Material provided -
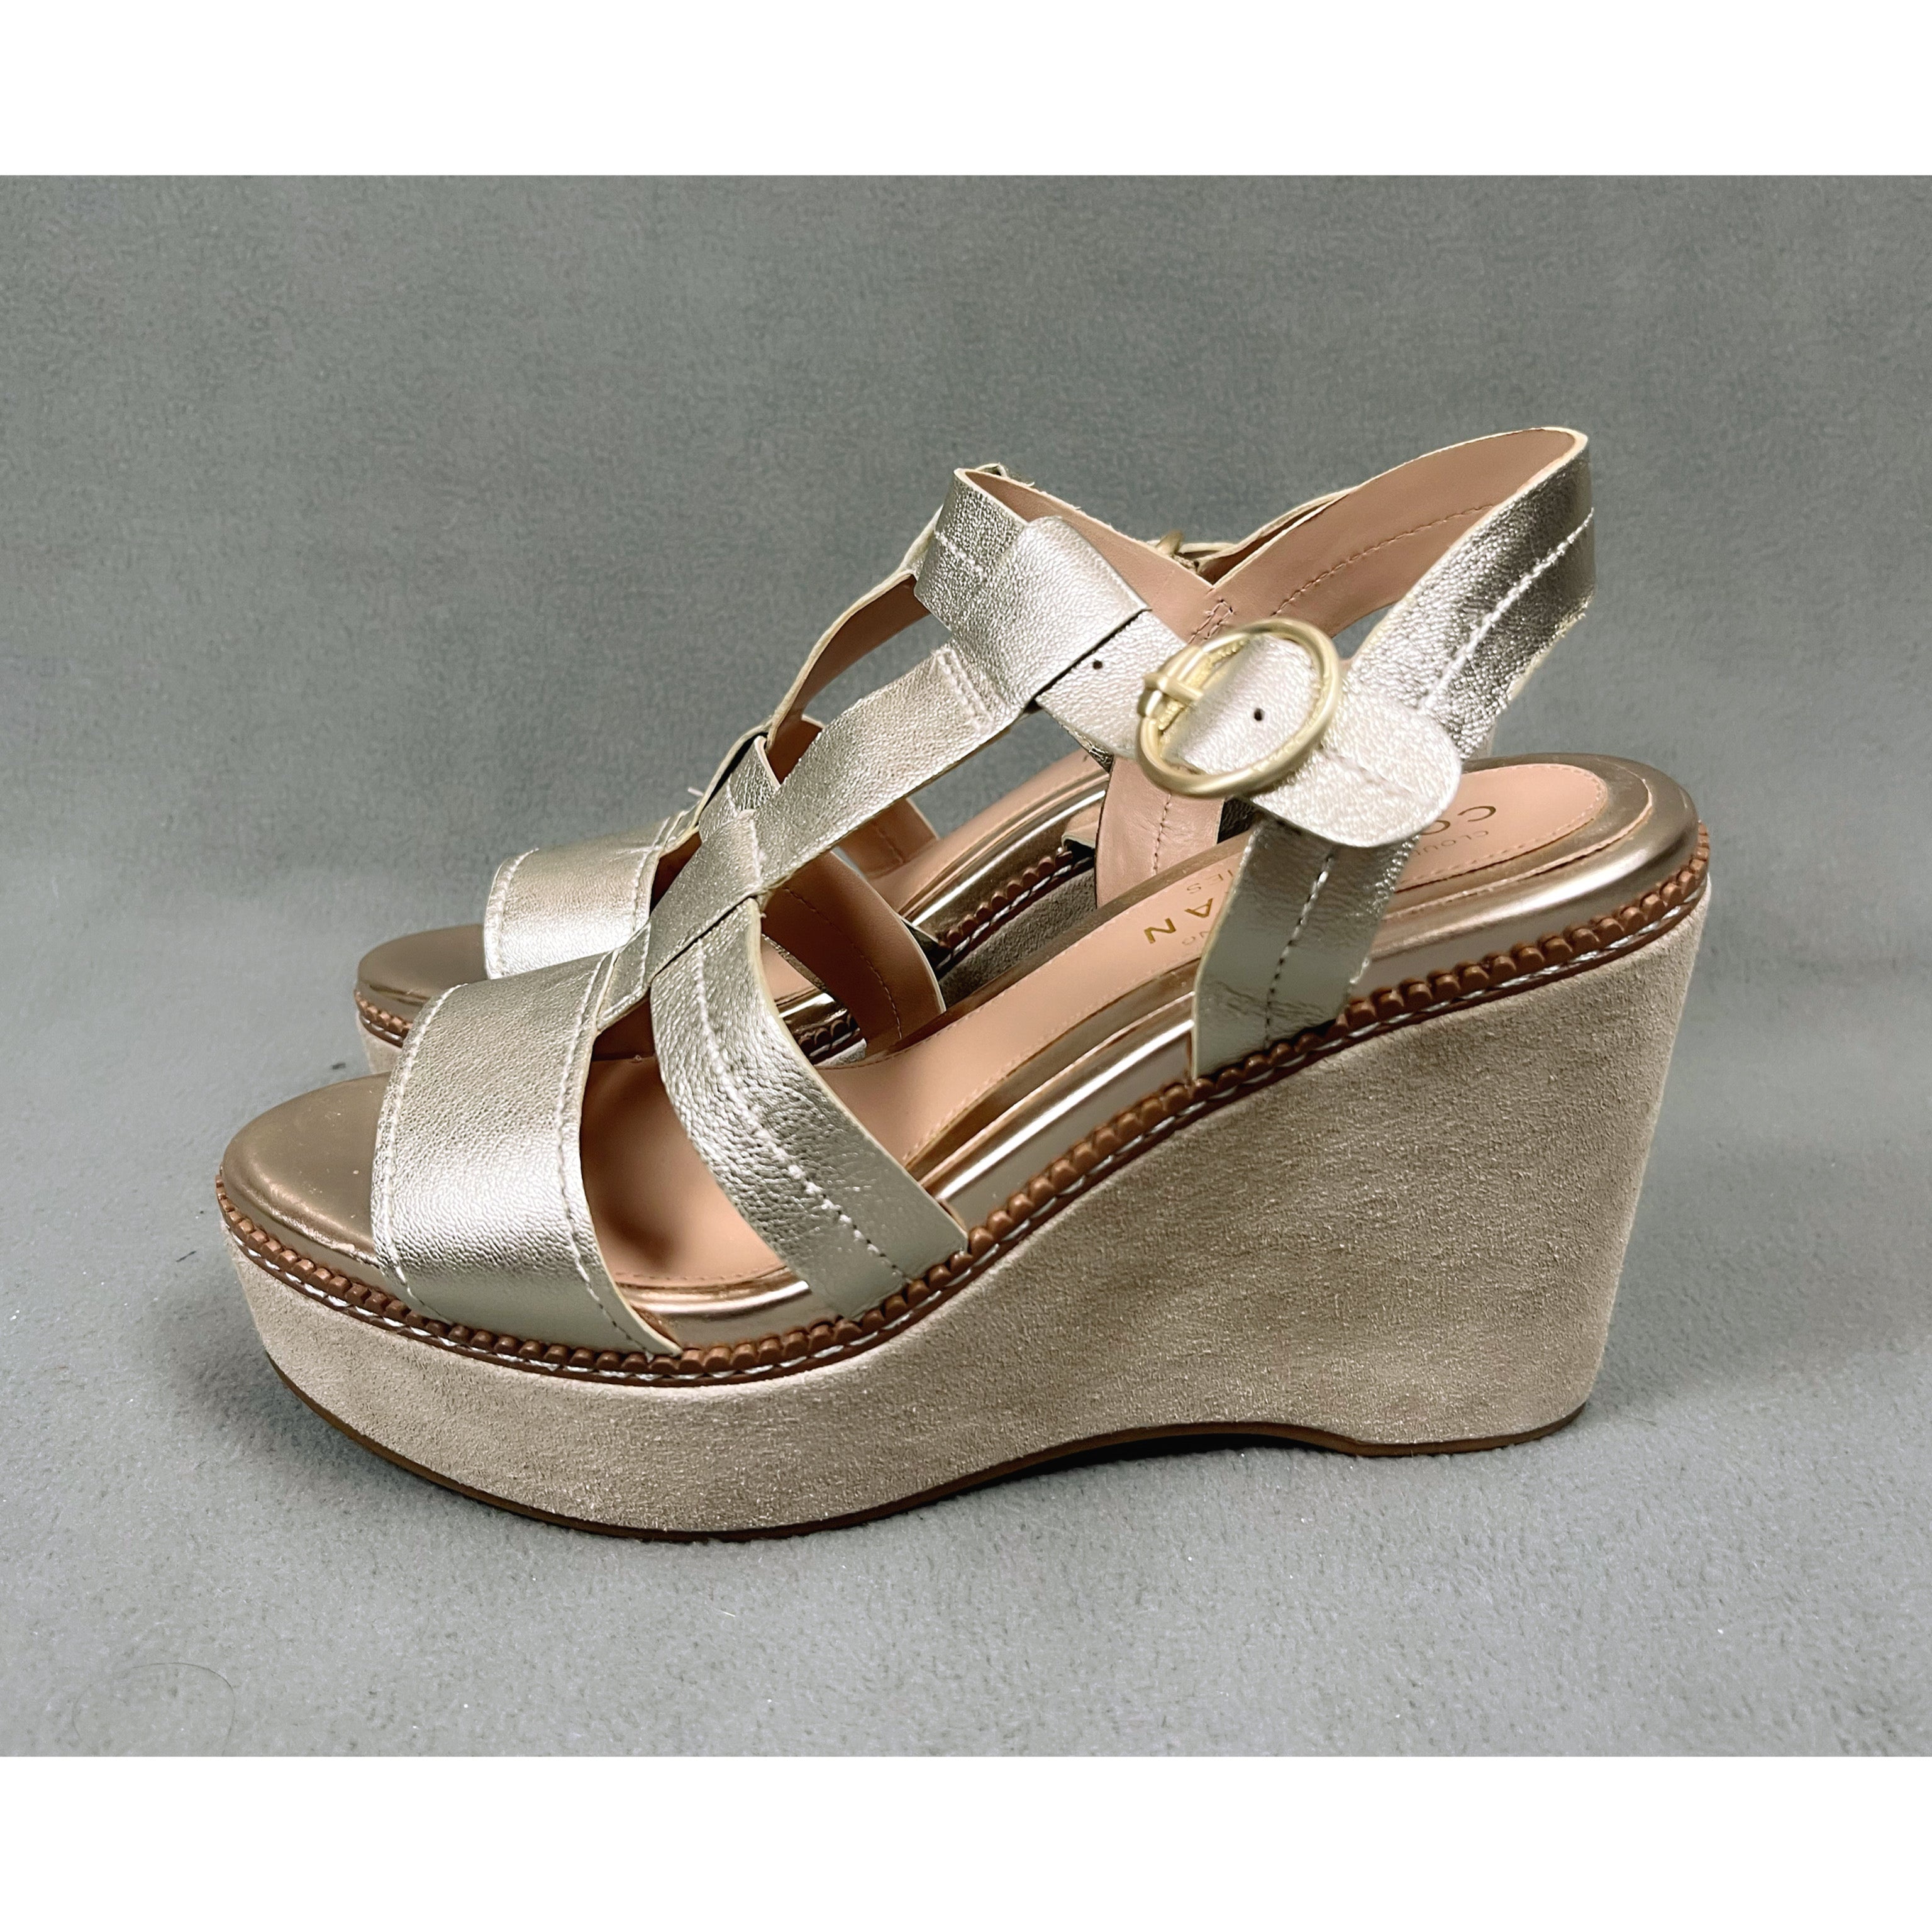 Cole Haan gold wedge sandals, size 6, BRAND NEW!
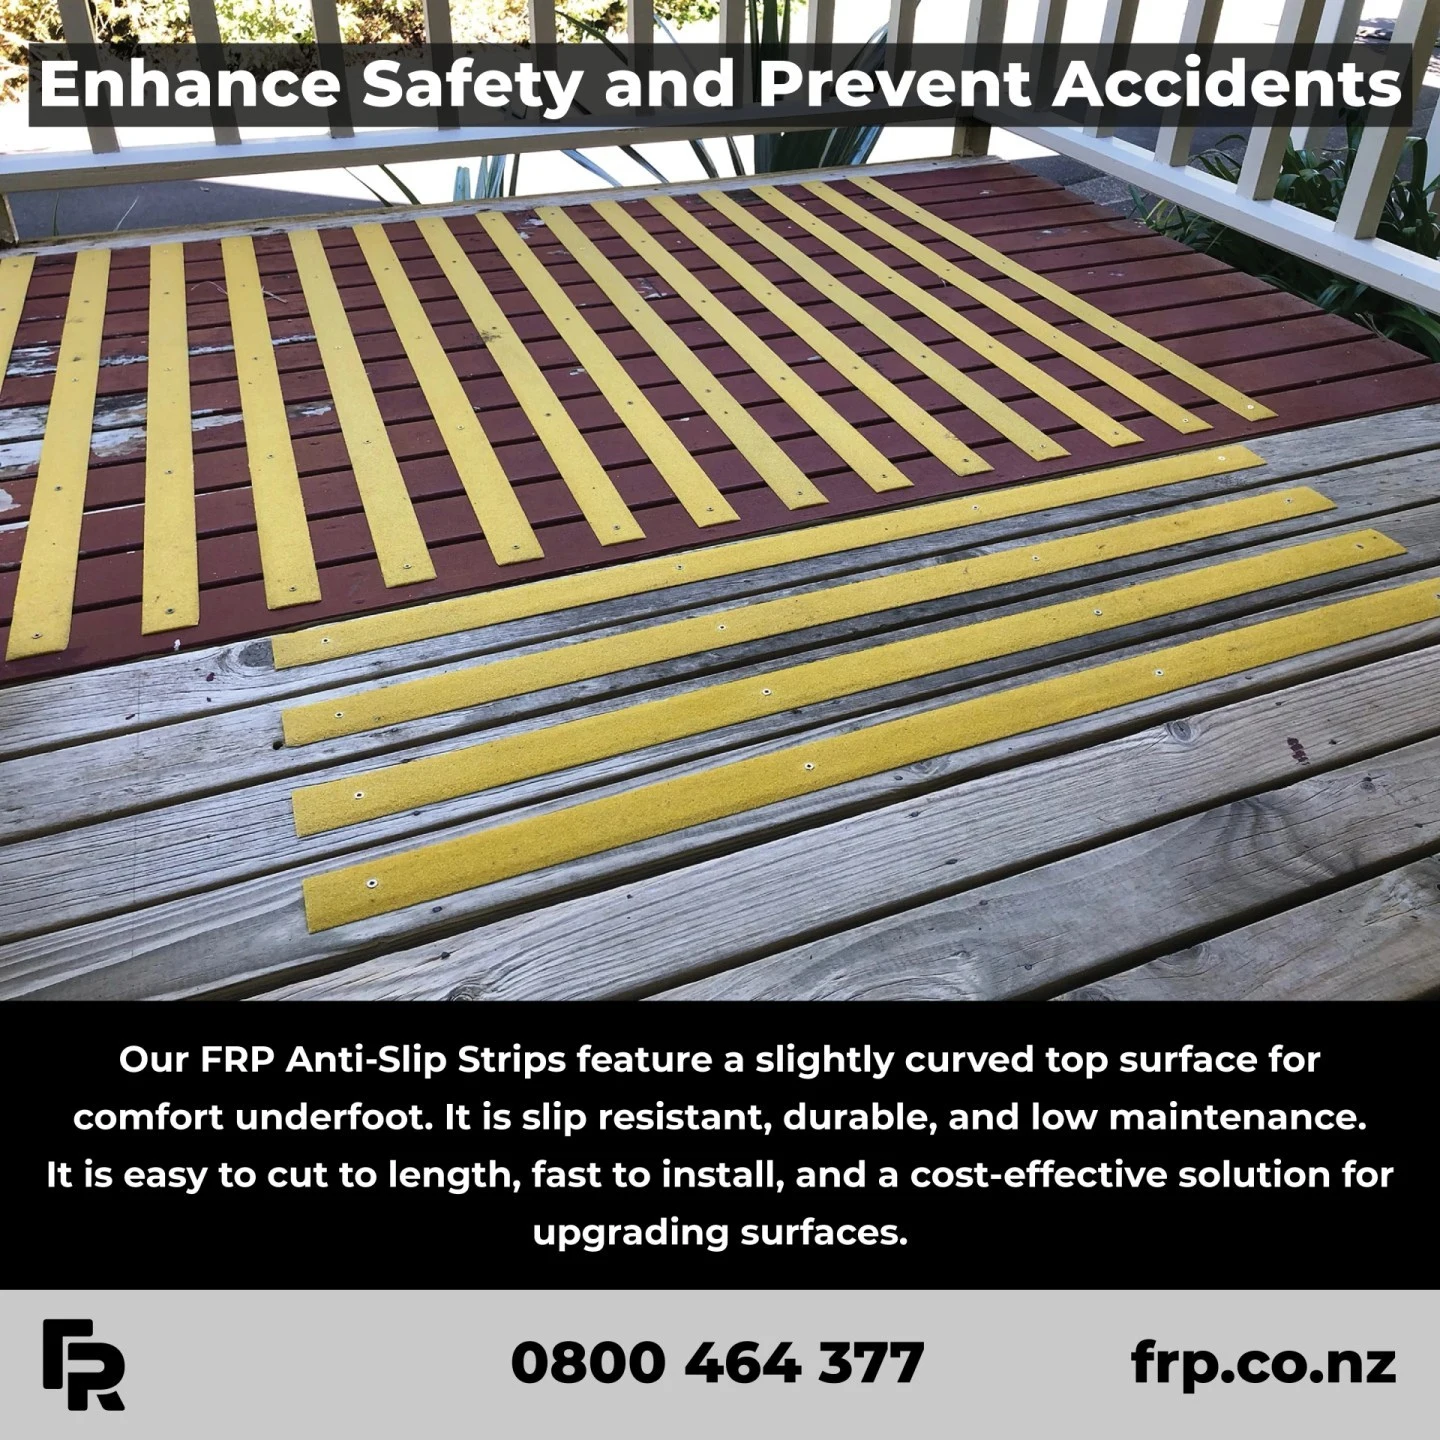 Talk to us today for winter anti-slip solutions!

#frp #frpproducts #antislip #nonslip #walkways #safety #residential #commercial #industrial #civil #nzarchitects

The problem -
In your copy of the listing above, every line must match exactly and no picture may appear.

The completed task -
 Cole Haan gold wedge sandals, size 6, BRAND NEW!
 Talk to us today for winter anti-slip solutions!

#frp #frpproducts #antislip #nonslip #walkways #safety #residential #commercial #industrial #civil #nzarchitects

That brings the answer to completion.